One of the fresh generation of British talent, Katie Swan was born in 1999 and has already achieved much: she was runner-up in the Australian Open Girls’ in 2015, following that up with a run to the quarter-finals of Wimbledon Girls’ the same year.
These performances clearly caught the eye of Judy Murray, with the then Fed Cup captain picking Katie to play in a 2016 tie and making her the youngest-ever Brit to take part in the tournament. What’s more, she won her match.
Since then it’s been a relatively quiet 12 months, although a number of match wins on the ITF Pro circuit, including one tournament win, suggest there is more to come.
However, it’s tough to make the step up from juniors to seniors and she is yet to qualify for a WTA tournament. For instance, she fell 6-1 7-6 to world no. 67 Varvara Lepchenko in the first round of the 2017 Eastbourne qualifiers.

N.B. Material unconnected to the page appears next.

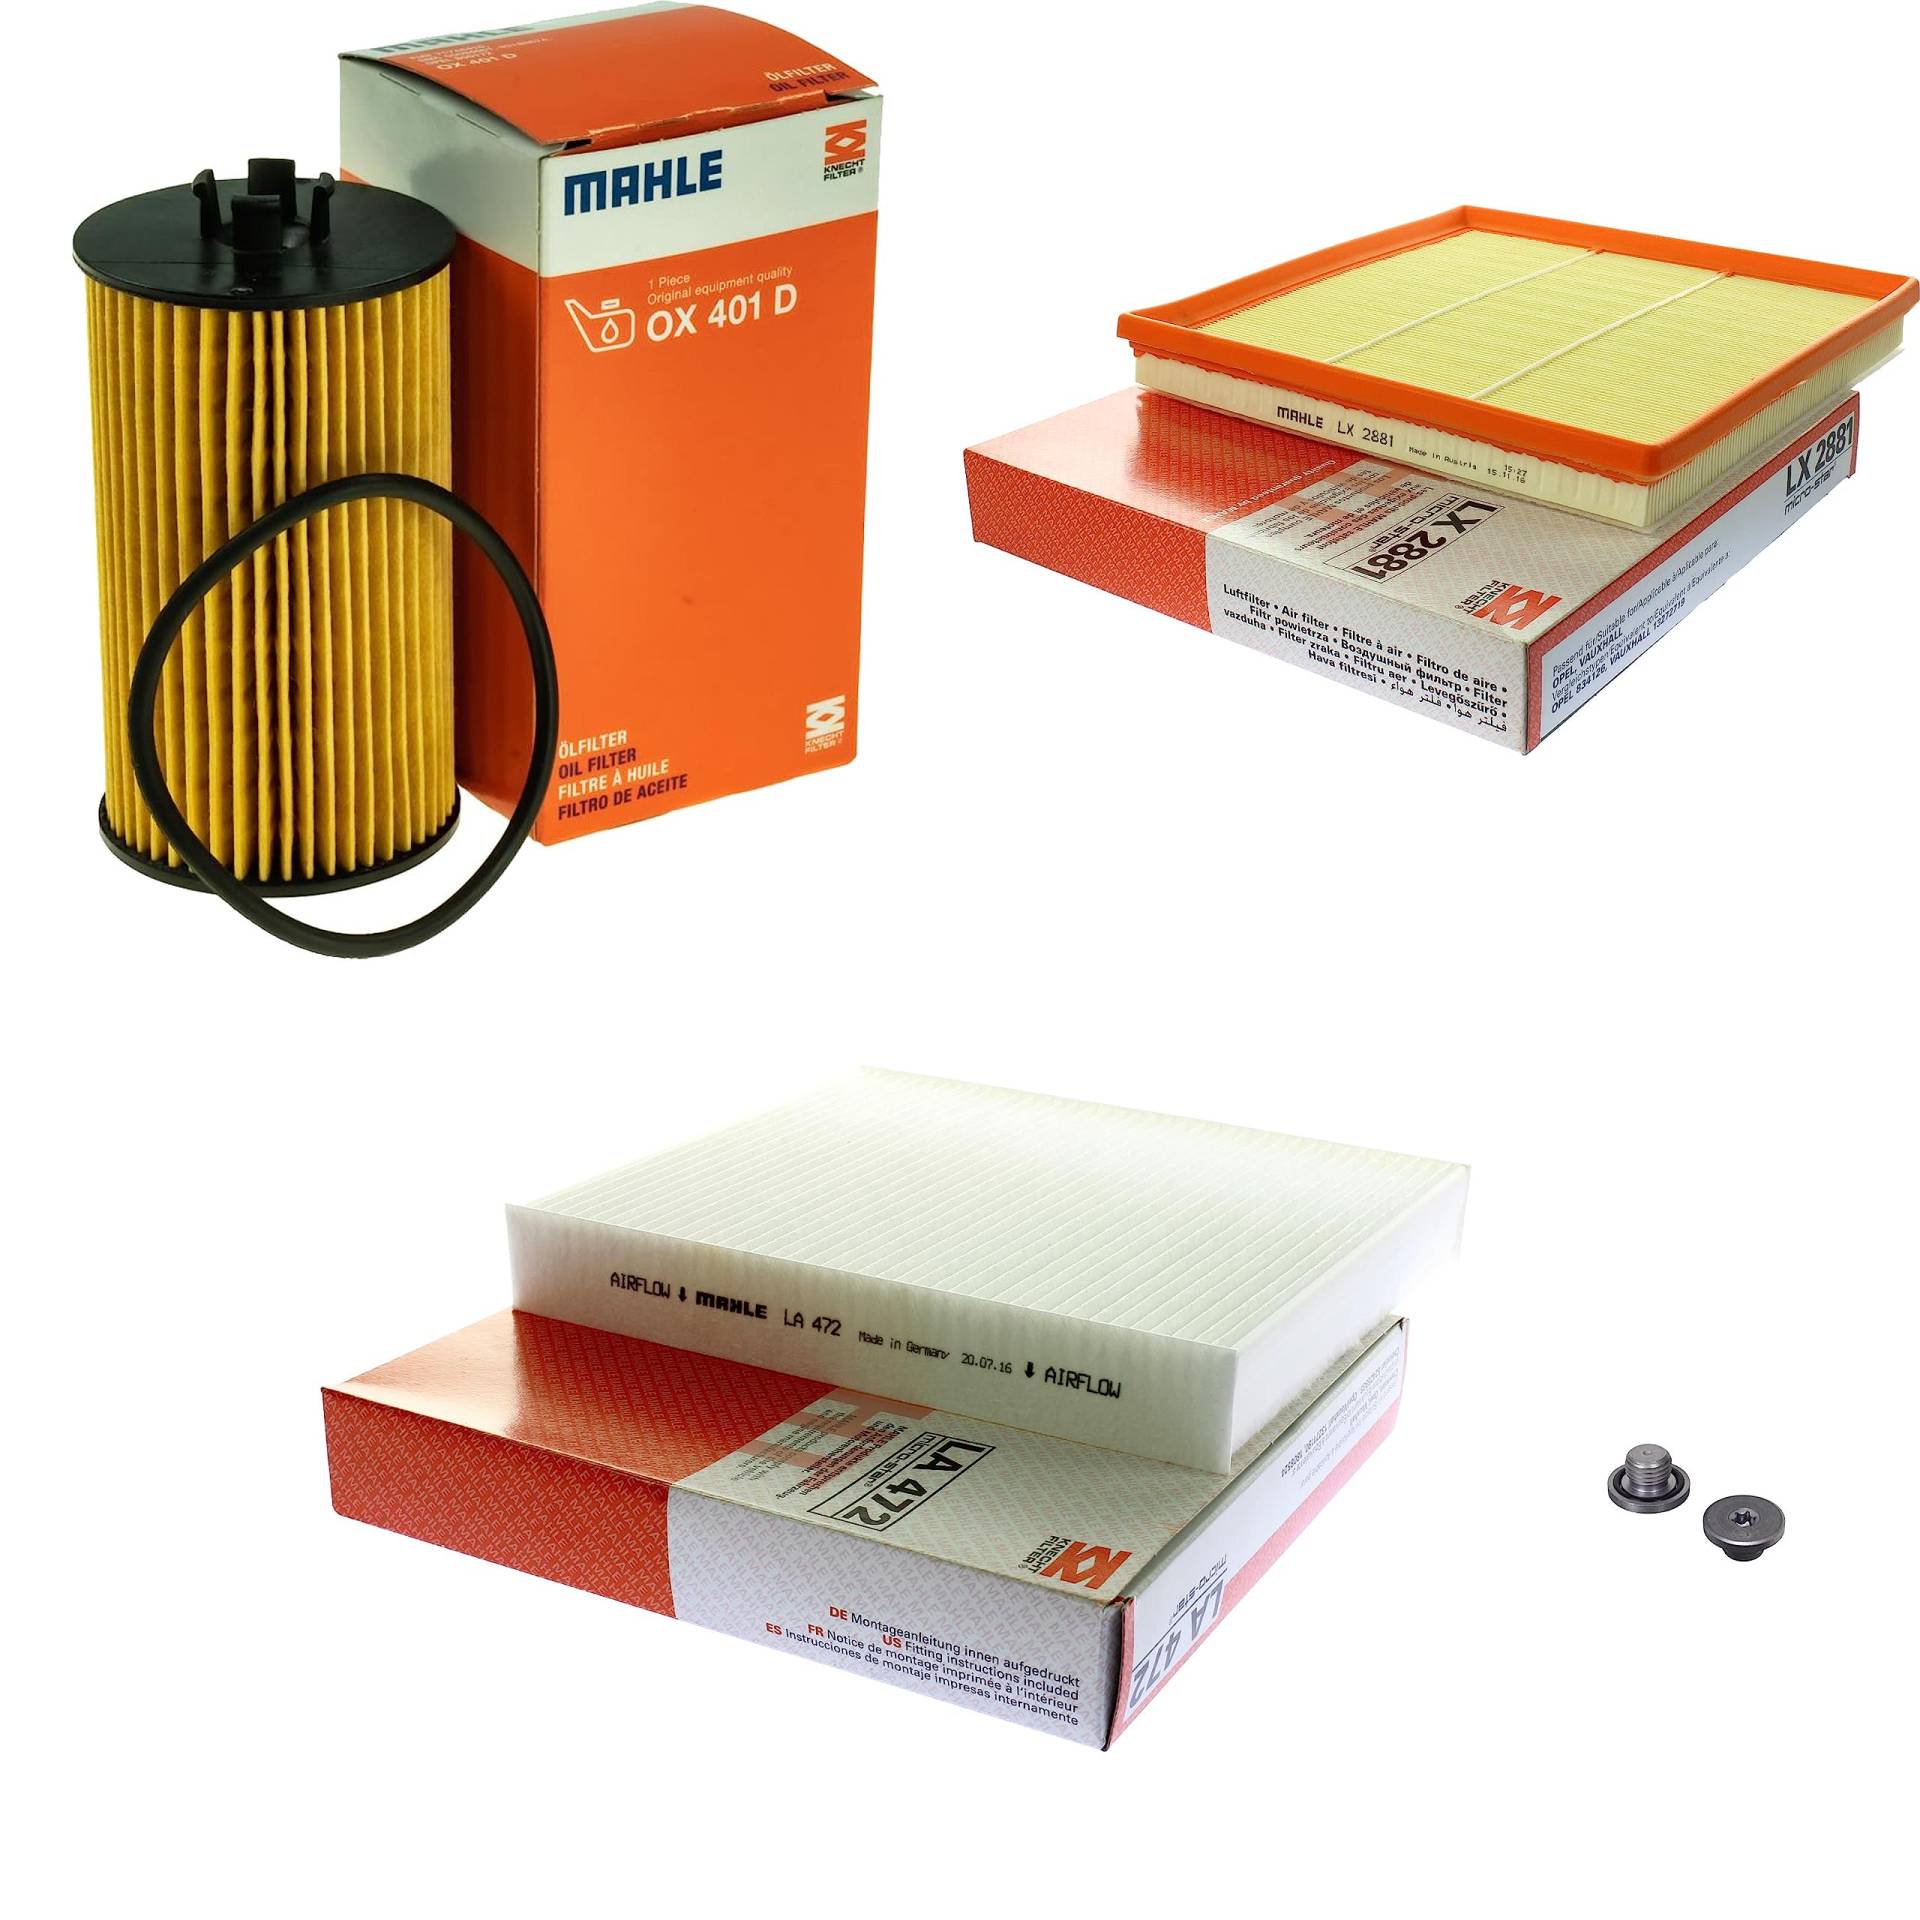 Inspektionspaket Wartungspaket Filterset mit Ölfilter OX 401D, Luftfilter LX 2881, Innenraumfilter LA 472, Verschlussschraube von EISENFELS
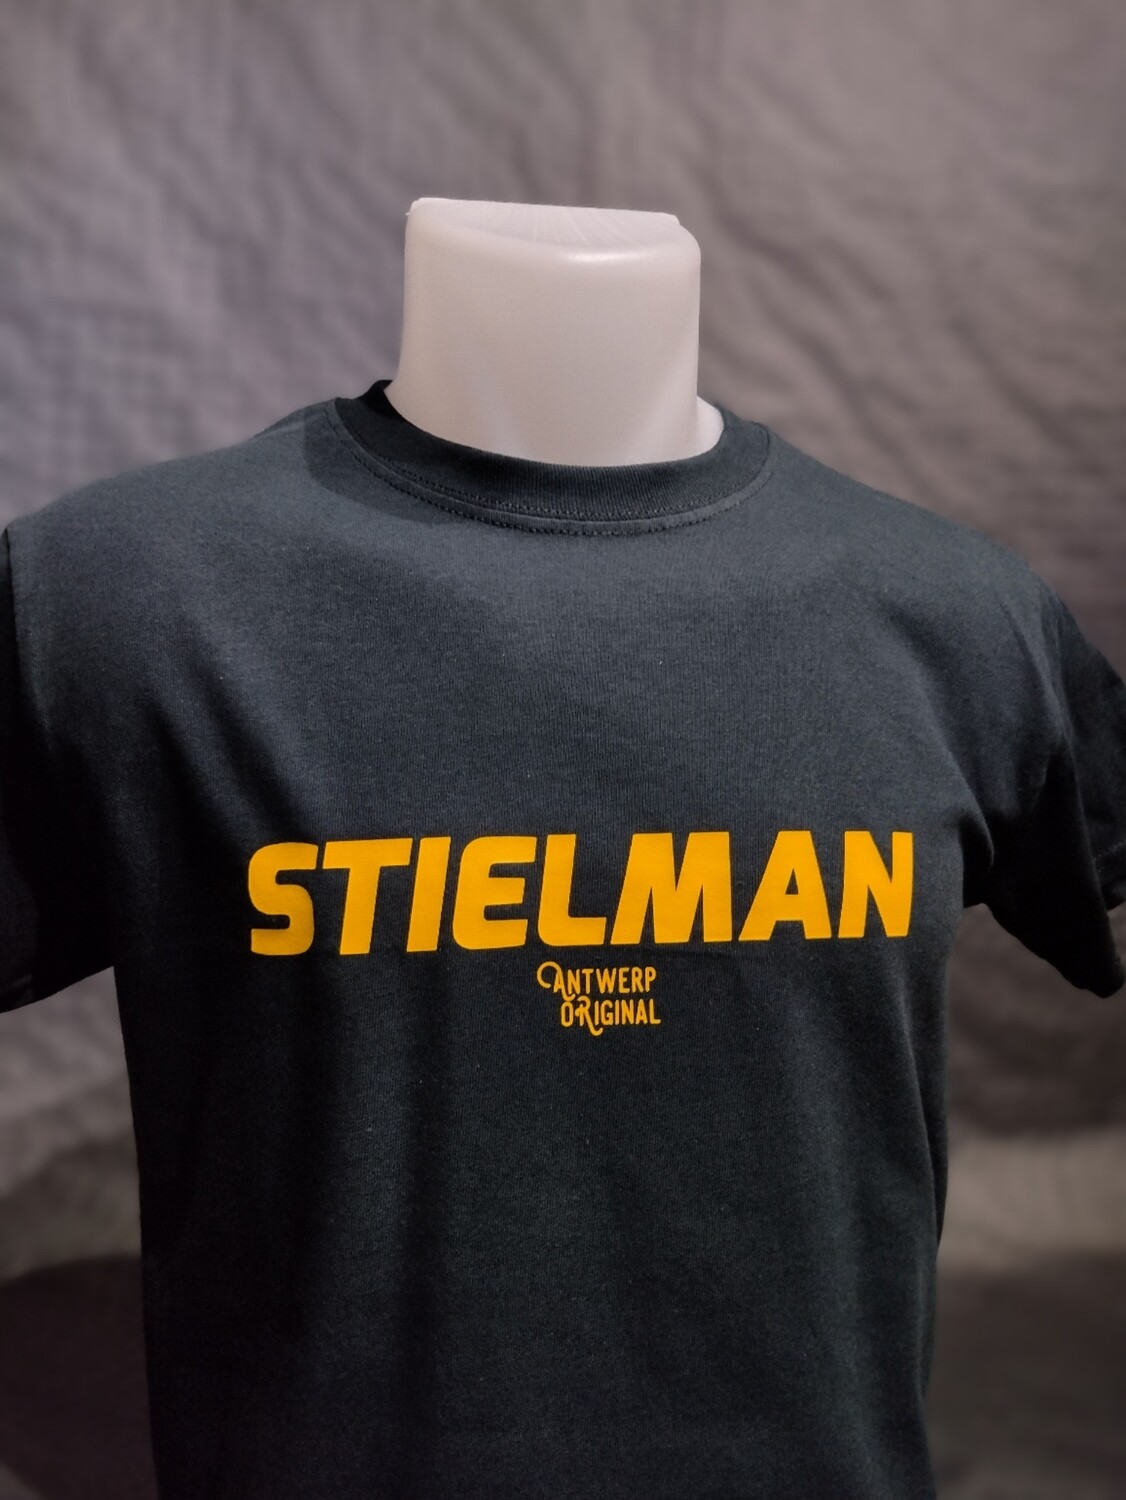 T shirt - Stielman

Her biggest strength is arguably her first serve: when in form, she hits the corners with power and picks up cheap points. Likewise her forehand can be a potent weapon. Add good movement around the court, and on song she has a compelling game that’s well suited to both grass and hard courts.
Her challenge, especially when playing seasoned pros, is what happens when she isn’t playing at her peak. Her second serve can be punished, while unforced errors on her forehand tend to creep up.
Still, much the same could have been said of Johanna Konta three years ago – and look where she is now.